Managed to avoid being murdalized by drunks or running over any of them as they skittered across 17th St. from the IHOP parking lot to Pierce Street Annex, Bar of the Damned.

Currently I am still in a cooking frenzy. I am simultaneously roasting a corned beast and making fish soup with a crapload of saffron in it.

Pugs not drugs

The “johari window” mostly has complimentary or at least non-pejorative adjectives in it. This is good because people are more likely to be honest if they don’t have to avoid bad adjectives (capricious, drunk, totaly retarted) and partly because it’s less likely to cause fist fights.

Unsurprisingly the person with the least complimentary set of adjectives chose a pseudonym.
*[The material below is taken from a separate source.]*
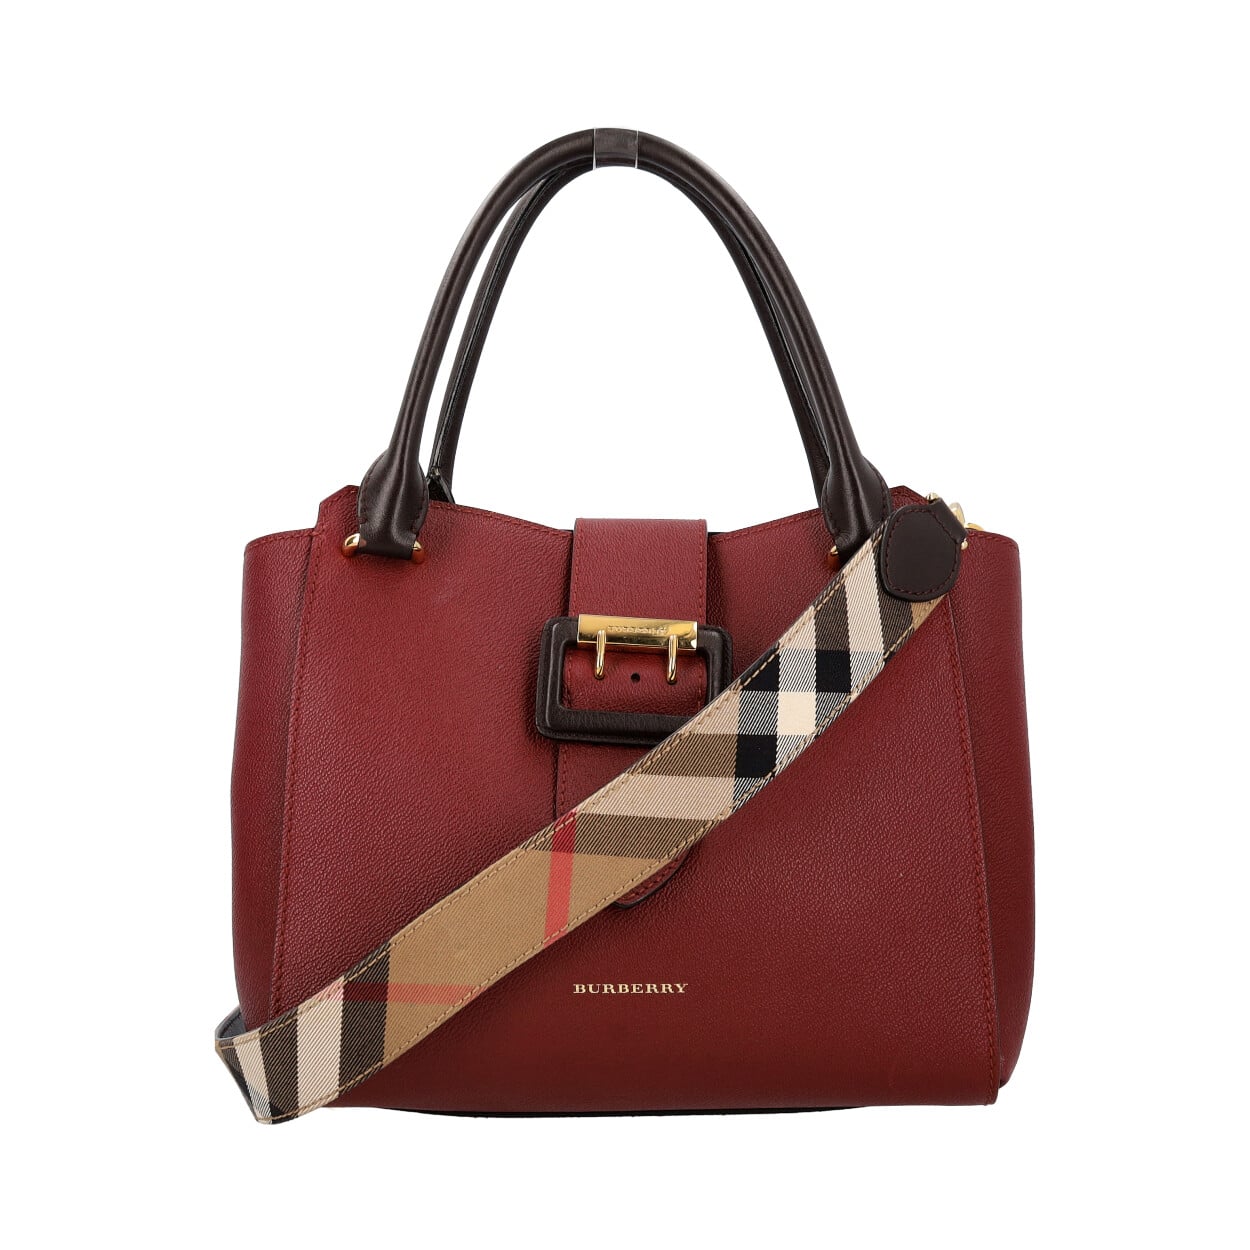 BURBERRY Leather Medium Buckle Tote Burgundy/Black | Luxity
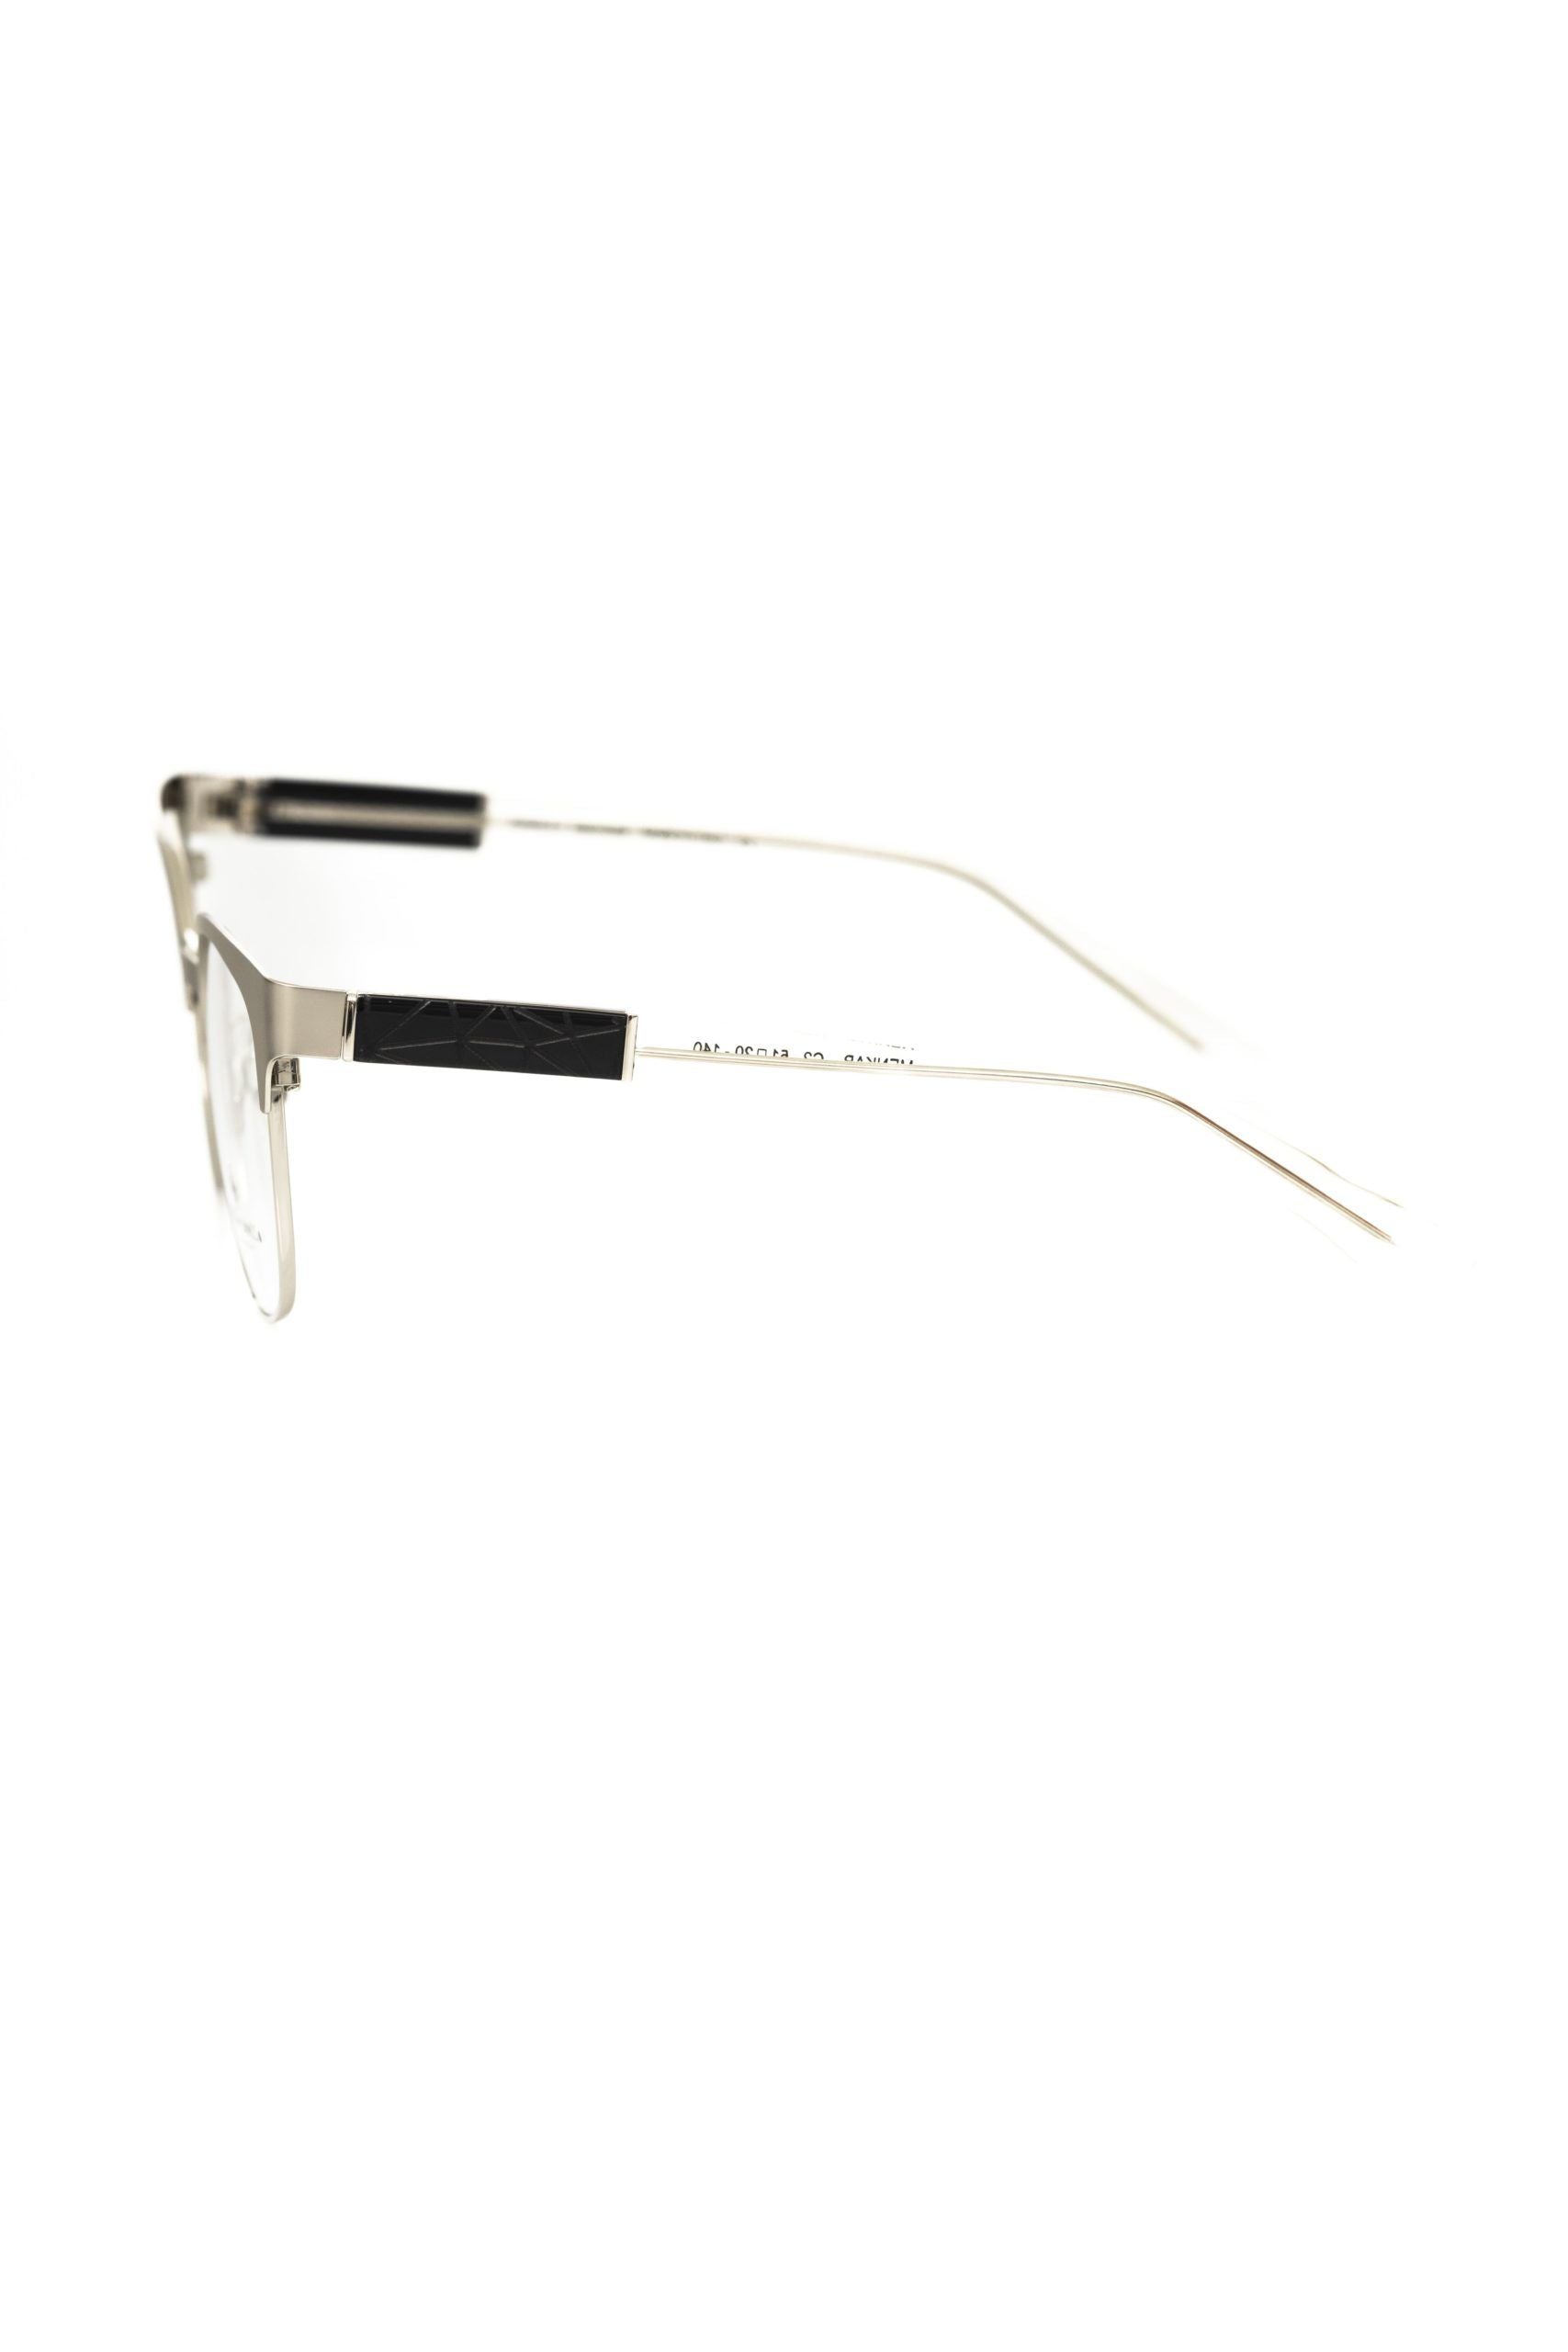 Frankie Morello FRMO-22120 Black Acetate Frames - Designed by Frankie Morello Available to Buy at a Discounted Price on Moon Behind The Hill Online Designer Discount Store

At the Ralphs tonight someone had brought an entire binder of coupons. It went on and on and on. There was only one checker. Coupons Galore was a large round young woman with a blonde ponytail, accompanied by a short round young woman and a large goofy guy with hair all over the place. They looked like they were on their way to an Insane Clown Posse show or just to get arrested. But she was a coupon nut. The poor checker was starting to lose his cool, and the line was stacking up. The guy behind me cracked “Coupons are illegal after midnight”. It went on and on. A few minutes later the dark-haired woman shot me an angry look and mumbled at me. “Eh?” I said. “It’s just COUPONS. What’s funny?” I said “I have no problem with coupons.” “Well what’s so FUNNY?” The guy behind me said “Coupons are funny.” She made him repeat it twice and then said “WELL WE COME IN HERE AFTER MIDNIGHT BECAUSE WE FIGURE NO ONE’S HERE.” She was looking at me for some reason, and I recalled now that she was glaring at me in the aisles earlier too. And now she was getting all street, yo, and throwing some Angry Mexican Girl vibe. “If you don’t give me any attitude I won’t give you any, how’s that?” I asked cheerfully.

Then another checker arrived and we all went to him. The end.

In the horrible mall down by where Bave and Dethya live, the one that looks like the Sherman Oaks Gallery turned into a half-solved Lament Configuration, there is an “italian” restaurant called, no joke, VER-SA-CHEE.

I love sitting at the bar at D’s chatting with Michelle. She’s so great.